At this time I think China requires a Master's degree to teach English, I don't know if you looked into the requirements yet!

And as you said, it's probably not a long-term commitment because with the way things are going in China (going from letting in any english speaker to teach to now requiring masters graduates) it's very probable Chinese people will move away from learning English, if they aren't already.

BUT, if it works out for you, it's also a way for long-term residency there and learning Mandarin! One of our editors on PW made a guide for it some time back https://en.prolewiki.org/wiki/Essay:A_Statesian_Marxists%27_Guide_to_Learning_Mandarin

[–] 666@lemmygrad.ml 1 points 1 month ago (1 children)

Do you have any idea of the requirements for medical students/people to transfer over? It's something I've thought a lot about and I'd imagine like any other country you need to be recertified/possibly re-do a part of schooling but I'm wondering now if they are seeking medical employment.
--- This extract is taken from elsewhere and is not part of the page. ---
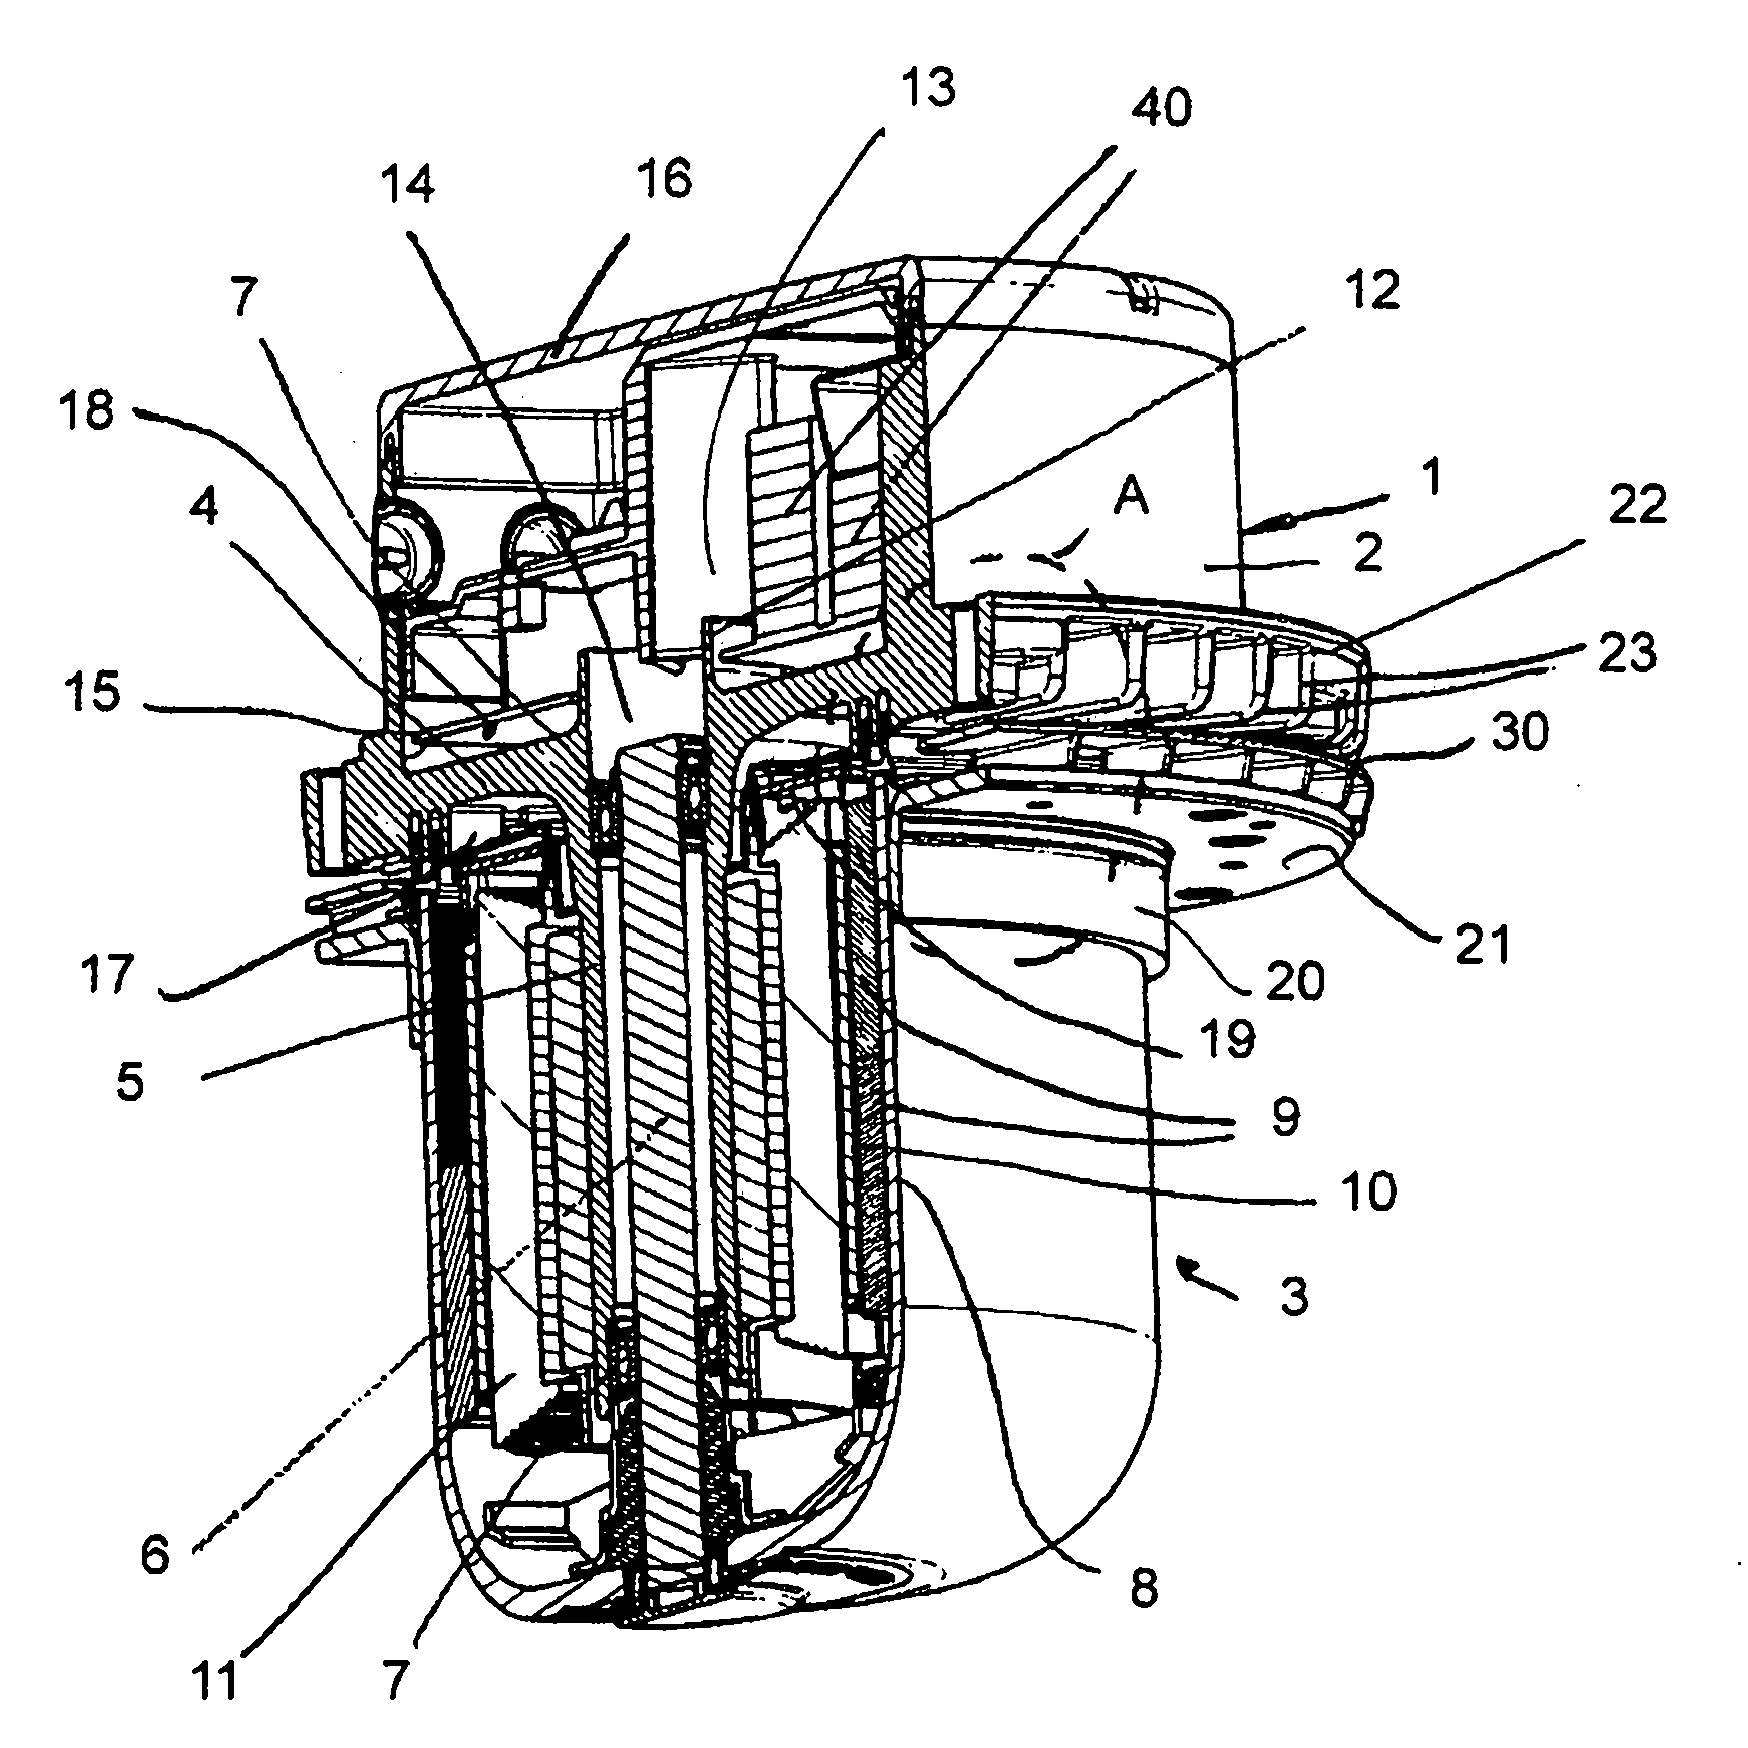 Electric motor, particularly outer rotor motor
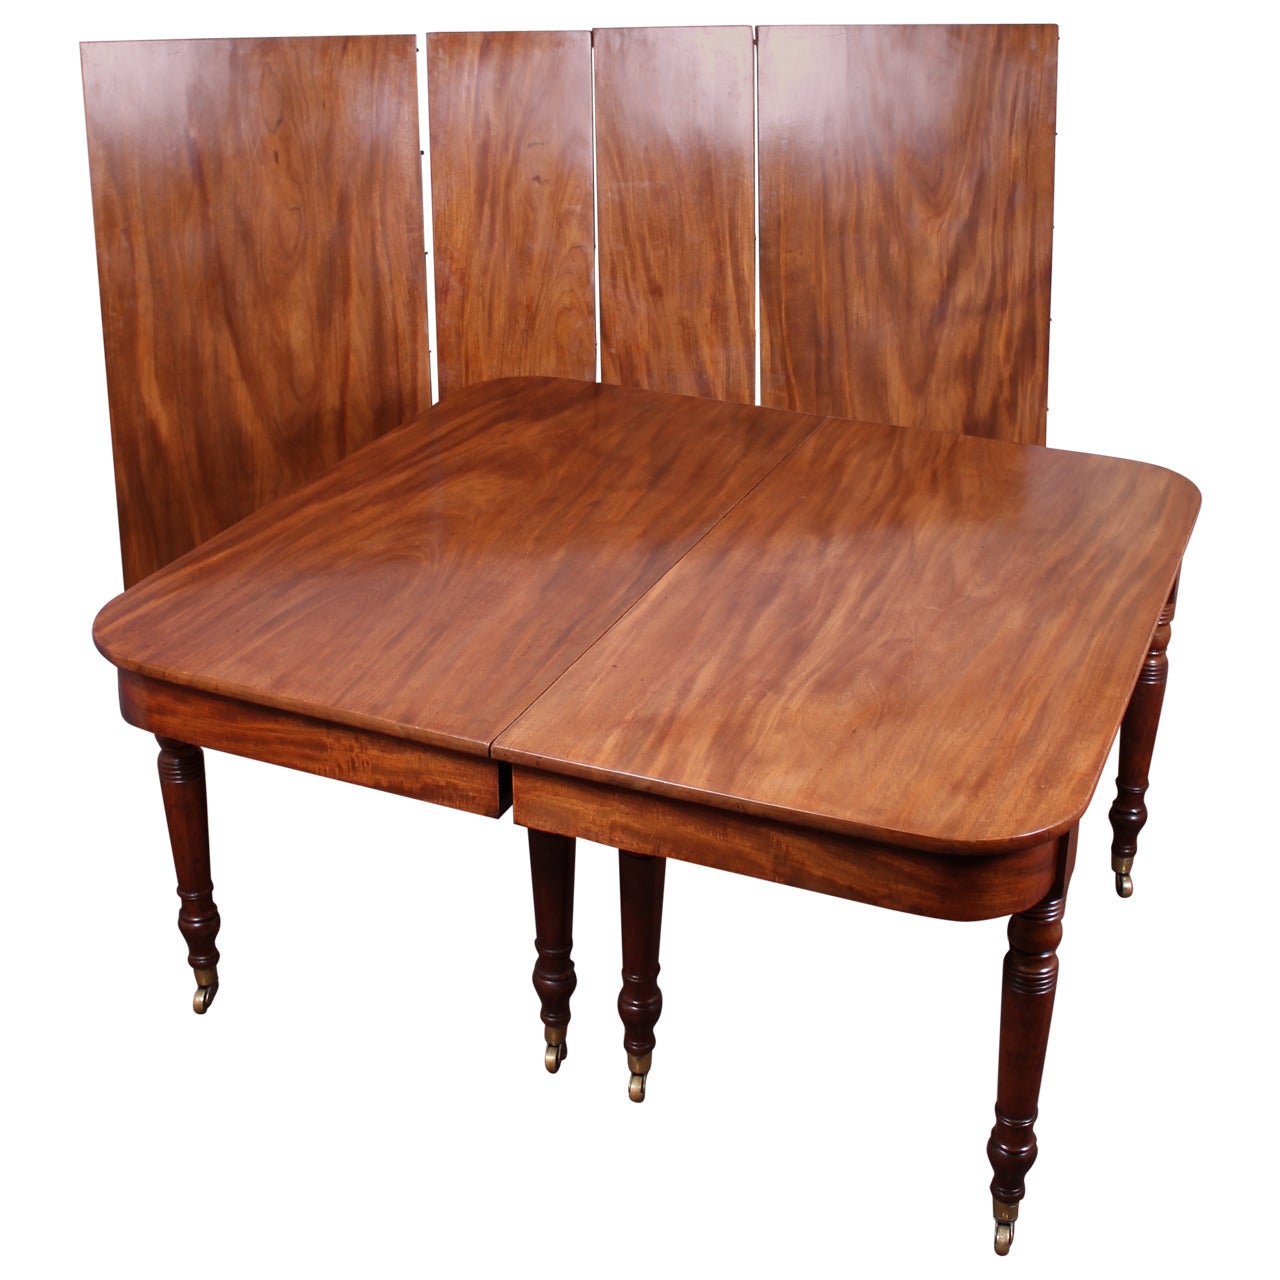 George IV Period Golden Mahogany Extending Dining Table

[–] Xiisadaddy@lemmygrad.ml 1 points 1 month ago

No idea sorry you could try asking deepseek it knows Chinese law well.

[–] yet_another_commie@lemmygrad.ml 2 points 1 month ago

I'd give more consideration to China, Vietnam and Laos

[–] Xiisadaddy@lemmygrad.ml 5 points 1 month ago (1 children)

You cannot choose how successful you are in what you set out to do, but you can choose what you set out to do in the first place. Do not allow anything to influence what few choices you do get. Do the things that you have a true desire to do, and should you fail know that you atleast tried. Which is more than most can say.

[–] Xiisadaddy@lemmygrad.ml 4 points 1 month ago* (last edited 1 month ago) (1 children)

That is to say many people choose to do things they think will lead to success. Yet their chances of success are no greater than if they'd simply done what they really loved in the first place, and failure tastes all the more bitter for it.